In Postgres, if username is not a primary key, I know it will iterate through all the records.

But if it is a primary key field, will the above SQL statement iterate through the entire table, or terminate as soon as username is matched. In other words, does "where" act differently when it is running on a primary key column or not?

Aayush Karki
  • 781
  • 3
  • 10
  • 25
  • Why do you have a column named `johndoe`? For details on how the databases uses an index, you might want to read http://use-the-index-luke.com/ –  Jun 30 '17 at 05:34
  • 'johndoe' is not a column. 'username' is a column. 'johndoe' is an entry into the column – Aayush Karki Jun 30 '17 at 05:35
  • 3
    `"johndoe"` is an identifier (=column), `'johndoe'` would be a string value –  Jun 30 '17 at 05:35
  • Thanks a lot. I never knew double and single quotes meant different in SQL – Aayush Karki Jun 30 '17 at 05:37
  • 2
    @KeyurPanchal: no it will not. If there is an index, the database will use that index to find the row. –  Jun 30 '17 at 05:39
  • @AayushKarki: see here: https://www.postgresql.org/docs/current/static/sql-syntax-lexical.html#SQL-SYNTAX-IDENTIFIERS –  Jun 30 '17 at 05:40
  • @KeyurPanchal: that is hardly iterating through the **whole** table. –  Jun 30 '17 at 06:11

1 Answers1

0

Primary keys (and all indexed columns for that matter) take advantage of indexes when those column(s) are used as filter predicates, like WHERE and JOIN...ON clauses.
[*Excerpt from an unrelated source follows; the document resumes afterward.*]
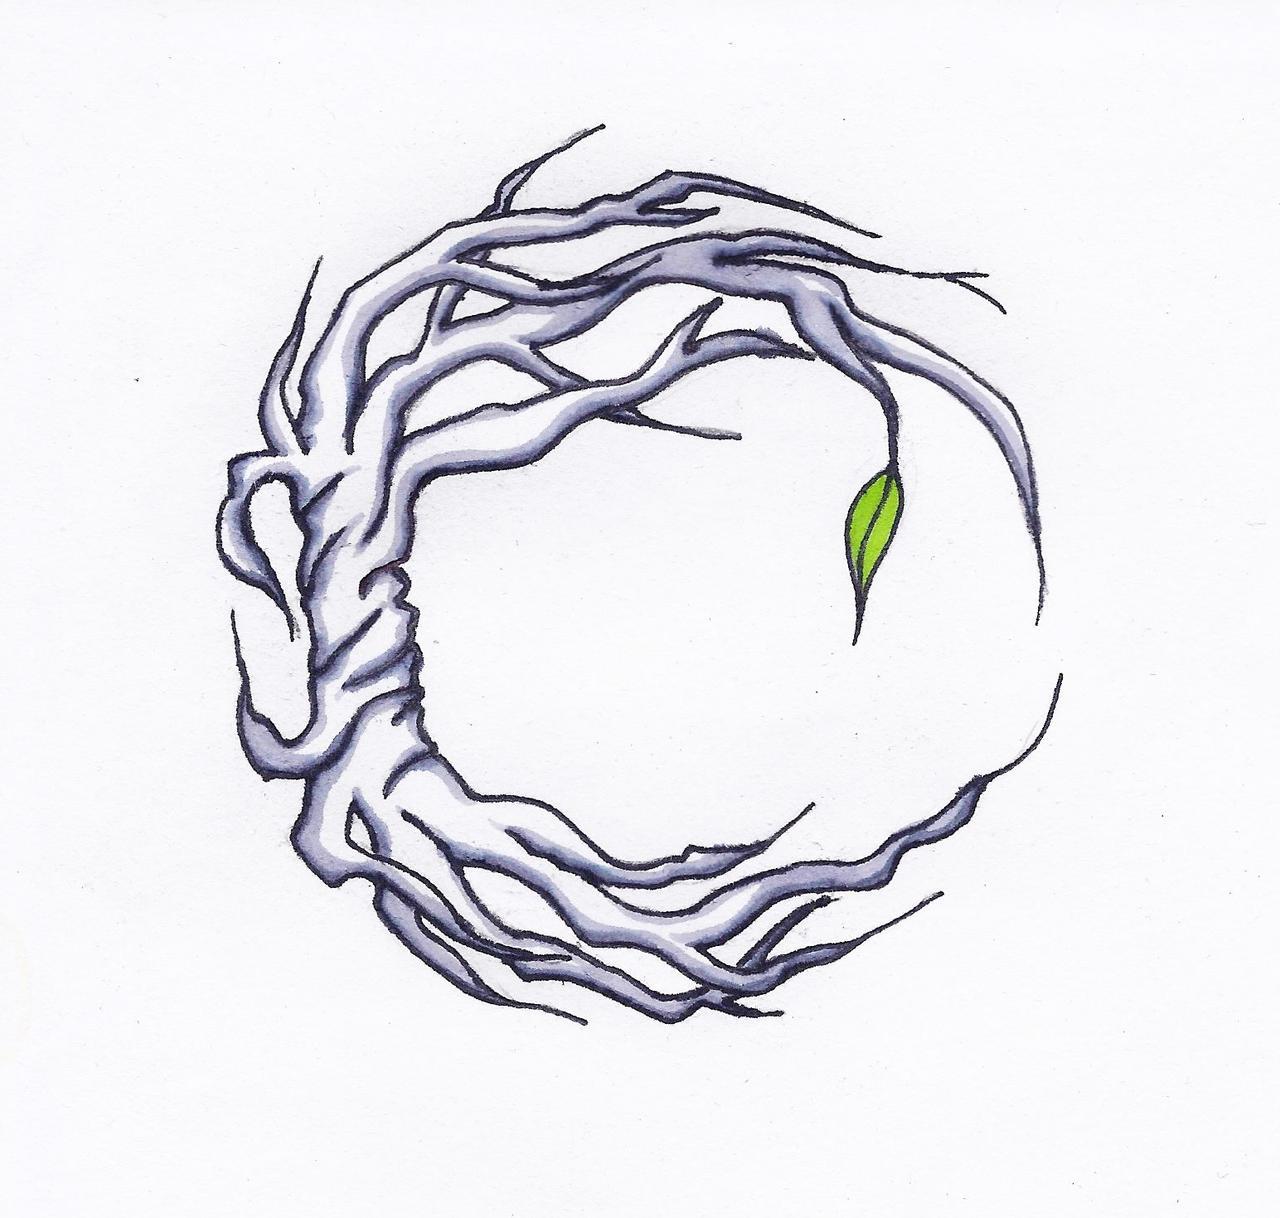 Tree of life tattoo design by beautifulartisabang on deviantart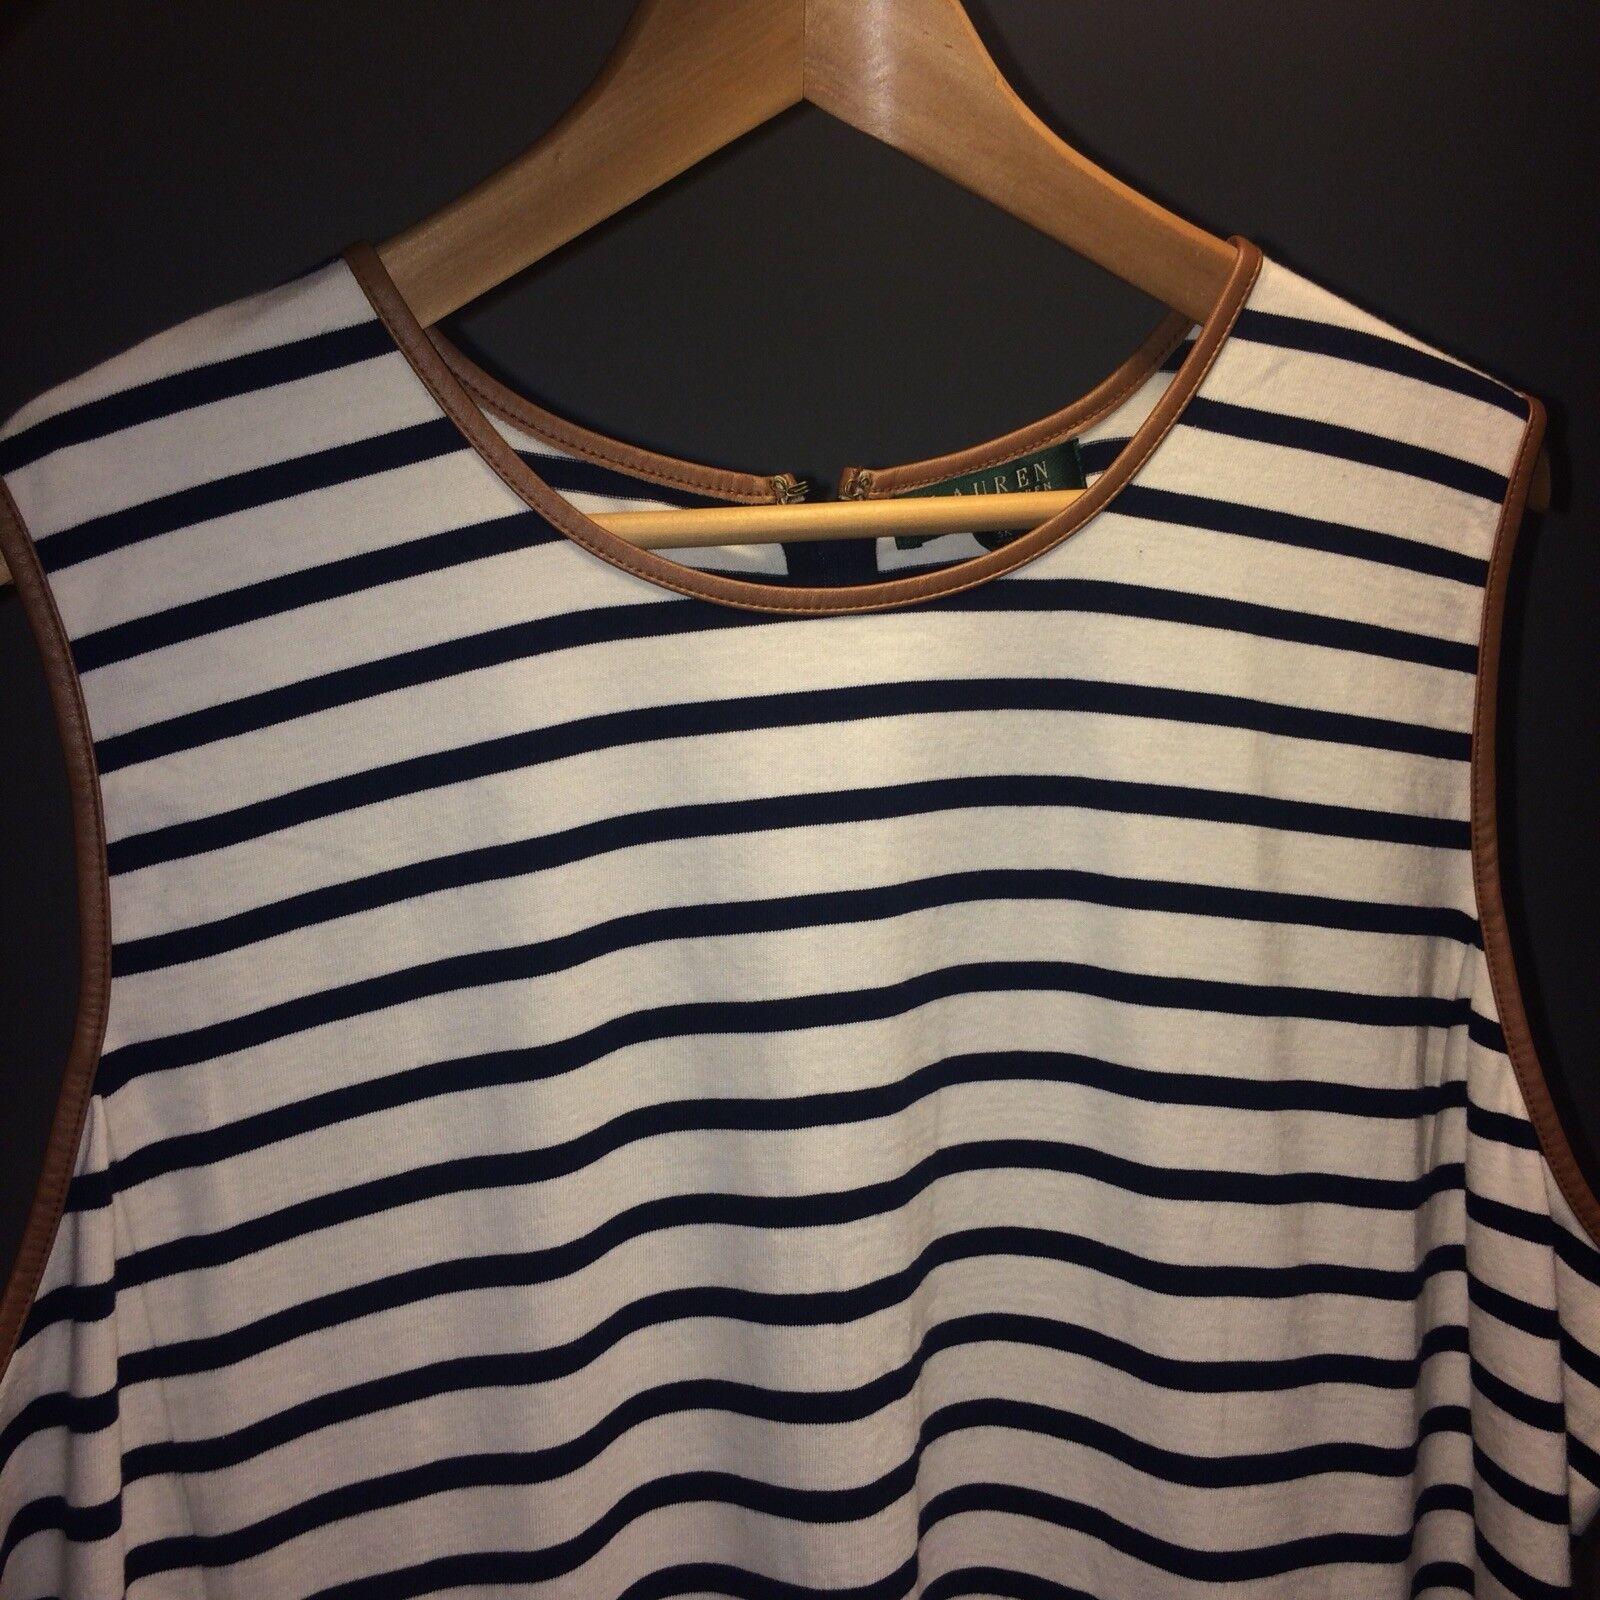 Lauren by by by Ralph Lauren Sleeveless Slimming Plus Stripe Dress Leather Details 3XL 6979d4

As a real world example, my application has a table called Log_Games, which is a table with millions of rows, ID as the primary key, and a number of other non-indexed columns such as ParsedAt. Compare the below:

INDEXED QUERY

EXPLAIN ANALYZE
SELECT *
FROM "Log_Games"
WHERE "ID" = 792046

INDEXED QUERY PLAN

Index Scan using "Log_Games_pkey" on "Log_Games"  (cost=0.43..8.45 rows=1 width=4190) (actual time=0.024..0.024 rows=1 loops=1)
  Index Cond: ("ID" = 792046)
Planning time: 1.059 ms
Execution time: 0.066 ms

NON-INDEXED QUERY

EXPLAIN ANALYZE
SELECT *
FROM "Log_Games"
WHERE "ParsedAt" = '2015-05-07 07:31:24+00'

NON-INDEXED QUERY PLAN

Seq Scan on "Log_Games"  (cost=0.00..141377.34 rows=18 width=4190) (actual time=0.013..793.094 rows=1 loops=1)
  Filter: ("ParsedAt" = '2015-05-07 07:31:24+00'::timestamp with time zone)
  Rows Removed by Filter: 1924676
Planning time: 0.794 ms
Execution time: 793.135 ms

The query with the indexed clause uses the index Log_Games_pkey, resulting in a query that executes in 0.066ms. The query with the non-indexed clause reverts to a sequential scan, which means it goes from the start to the finish of the table to see which columns match, an operation that causes the execution time to blow out to 793.135ms.

There are plenty of good resources around the web that can help you read execution plans and decide when they may need supporting indexes. A good place to start is the PostgreSQL documentation: https://www.postgresql.org/docs/9.6/static/using-explain.html

e_i_pi
  • 4,590
  • 4
  • 27
  • 45